Курье осуществил перевод новооткрытого отрывка, который он искусно стилизовал под слог Жака Амио, который перевёл роман в 1559 году, и включил в его текст, переиздав после многочисленных исправлений во Флоренции (1810). Книга была издана небольшим тиражом — всего 61 экземпляр. В сентябре 1810 года в Риме он издал (хотя также очень малым тиражом в пятьдесят экземпляров) и полный греческий текст романа с восстановленным по своей копии текстом. В период с 1813-го по 1821 год в Париже вышло ещё пять франкоязычных изданий романа, на обложке которых значились имена Амио и Курье, а сами издания предварялись похвалой Курье и полным текстом его памфлета. Этот перевод заслужил высокую оценку со стороны И. В. Гёте, который говорил в 1830 году про него следующее:

Курье правильно поступил, с уважением отнесясь к переводу Амье и в известной мере сохранив его; он его подчистил, приблизил к подлиннику и в некоторых местах исправил. Старофранцузский язык так наивен, так безусловно подходит к данному сюжету, что, думается, эта книга не может быть столь же хорошо переведена на какой-нибудь другой.— И. П. Эккерман. Разговоры с Гёте в последние годы его жизни.

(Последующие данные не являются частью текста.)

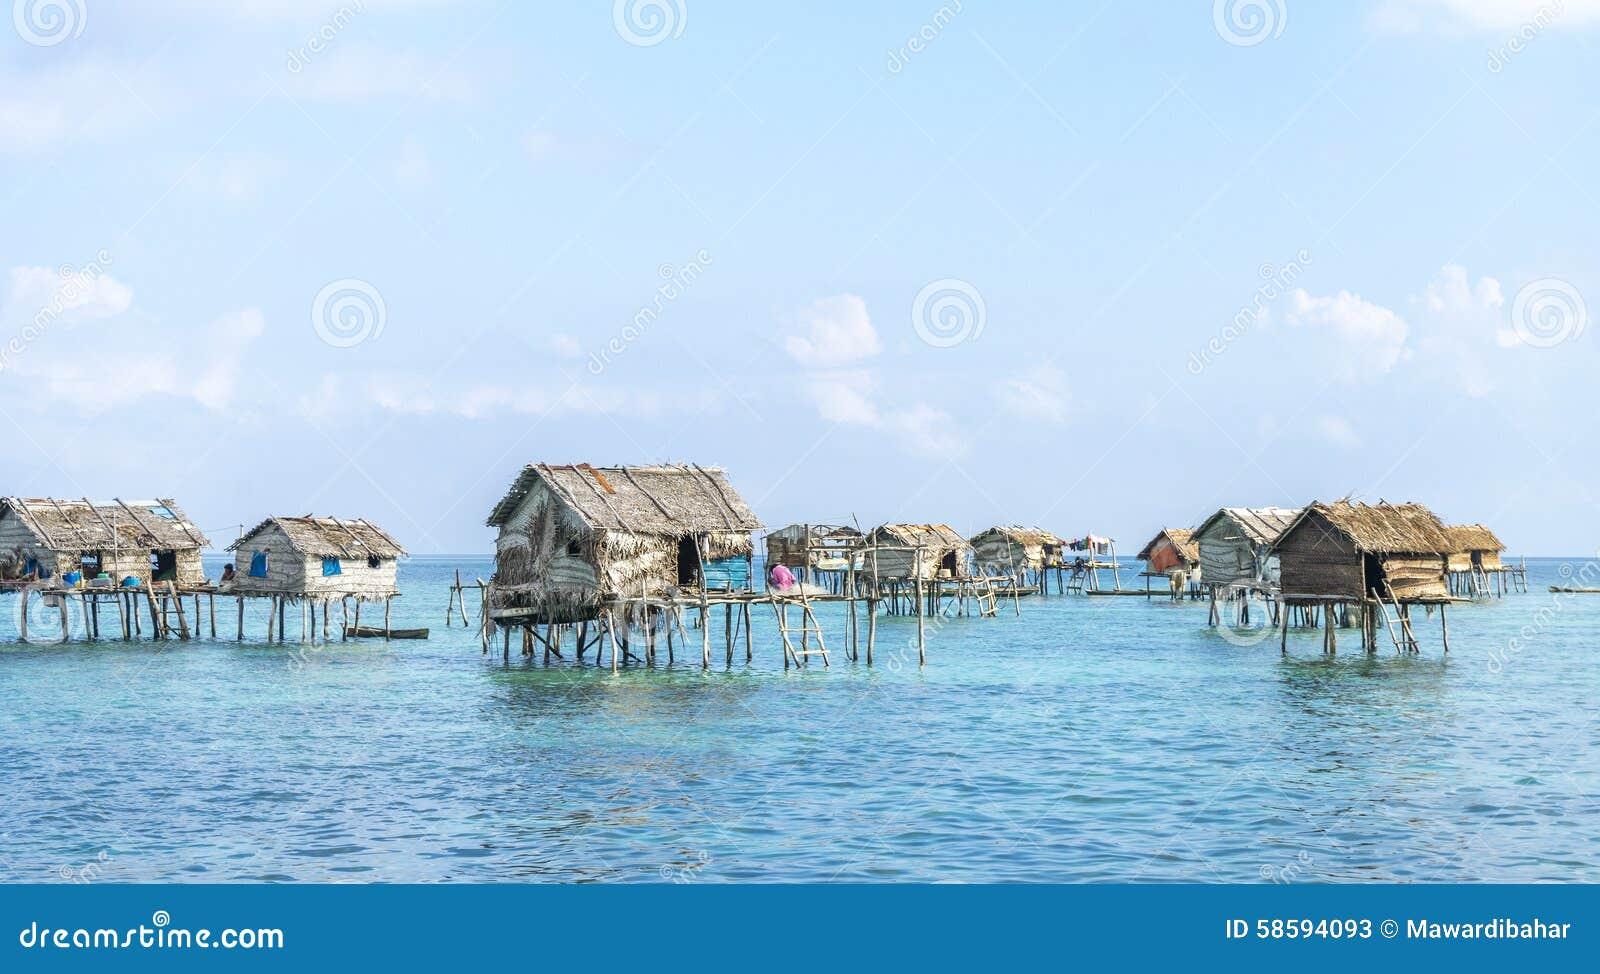 Bajau Laut House Stock Photo Image 58594093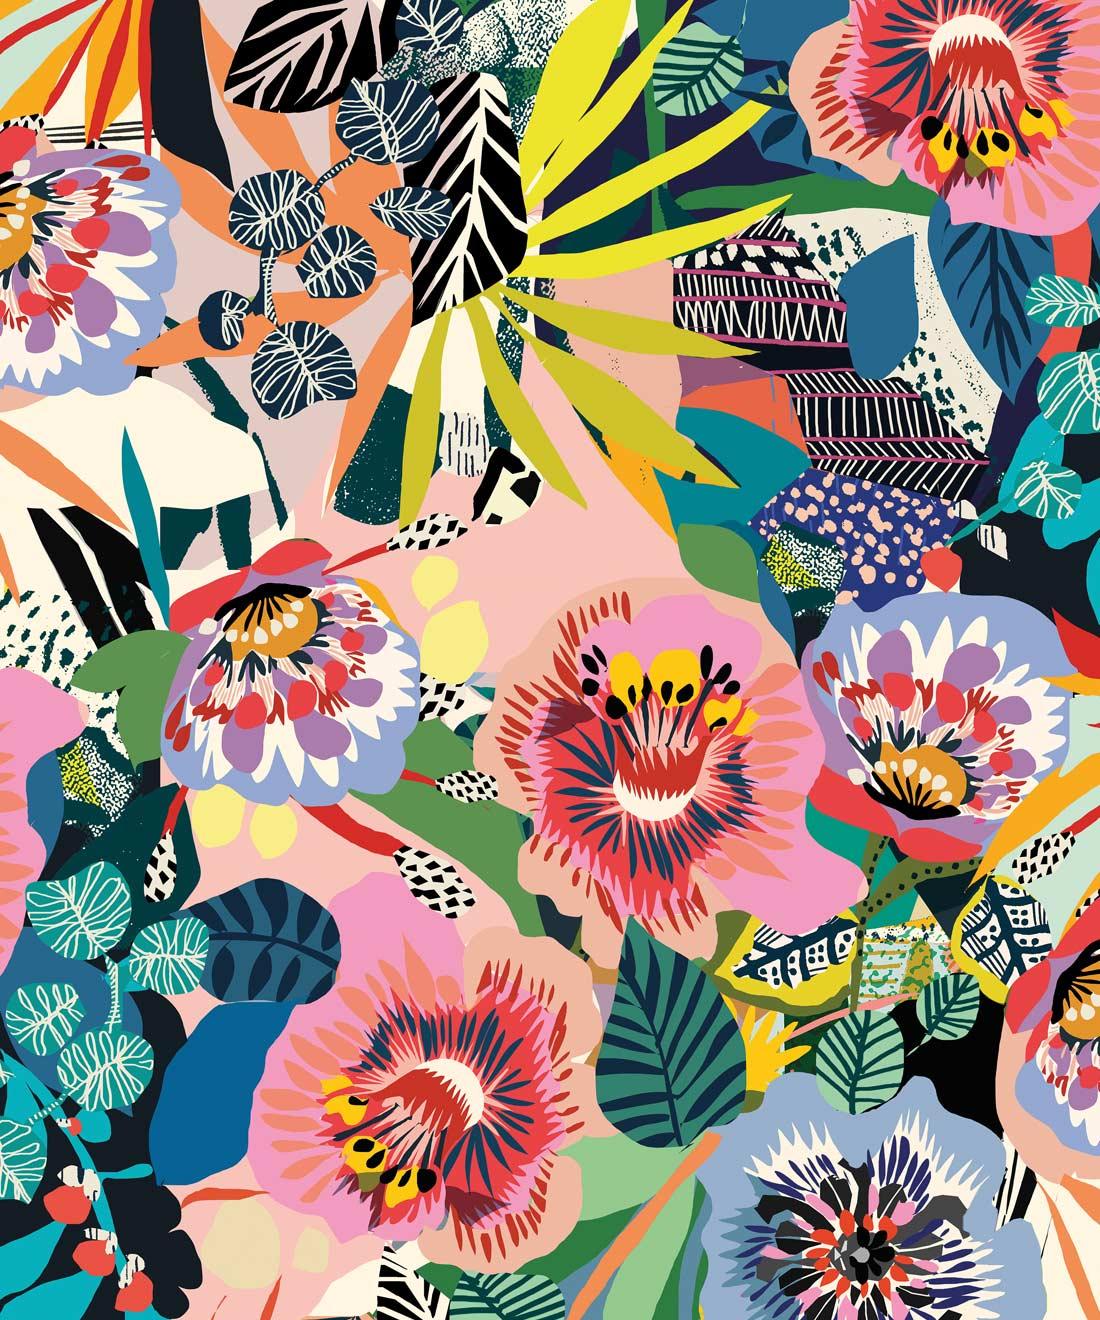 Summer Garden Bold Whimsical Floral Wallpaper Milton King

Выдающиеся качества эллинистических работ «Шавоньерского виноградаря» в 1830 году отмечал Оноре де Бальзак, который отмечал, что они предоставляют ему право на прочную славу, а философская система, образец которой он представил в своём «Опыте о Геродоте»: «всегда будет пользоваться уважением в среде истинных учёных».

Позднейшие исследователи романа Лонга отмечали, что перевод Курье, скорее всего, соответствует первоисточнику, хотя, возможно, содержит искажения и некоторые погрешности. Так, в частности, такой точки зрения придерживался Карел Кобет. Однако, по мнению Вильяма Лоува (W. D. Lowe), такая точка зрения безосновательна, и он обвинил Кобета в намеренных инсинуациях. По его мнению, несмотря на то, что среди эллинистов возникали сомнения в достоверности перевода Курье, можно достаточно уверенно сказать, что общая точность транскрипции Курье соответствует оригиналу. К числу аргументов в пользу сознательности действий Курье обычно относят следующие: это либо стремление Курье к известности, меркантильные интересы, одержимость скандальной славой, или, как допускает его современный биограф Жан-Рене Вьейфон (фр. Jean-René Vieillefond), свойственное Курье «депрессивное и раздражительное „автодеструктивное“ умонастроение».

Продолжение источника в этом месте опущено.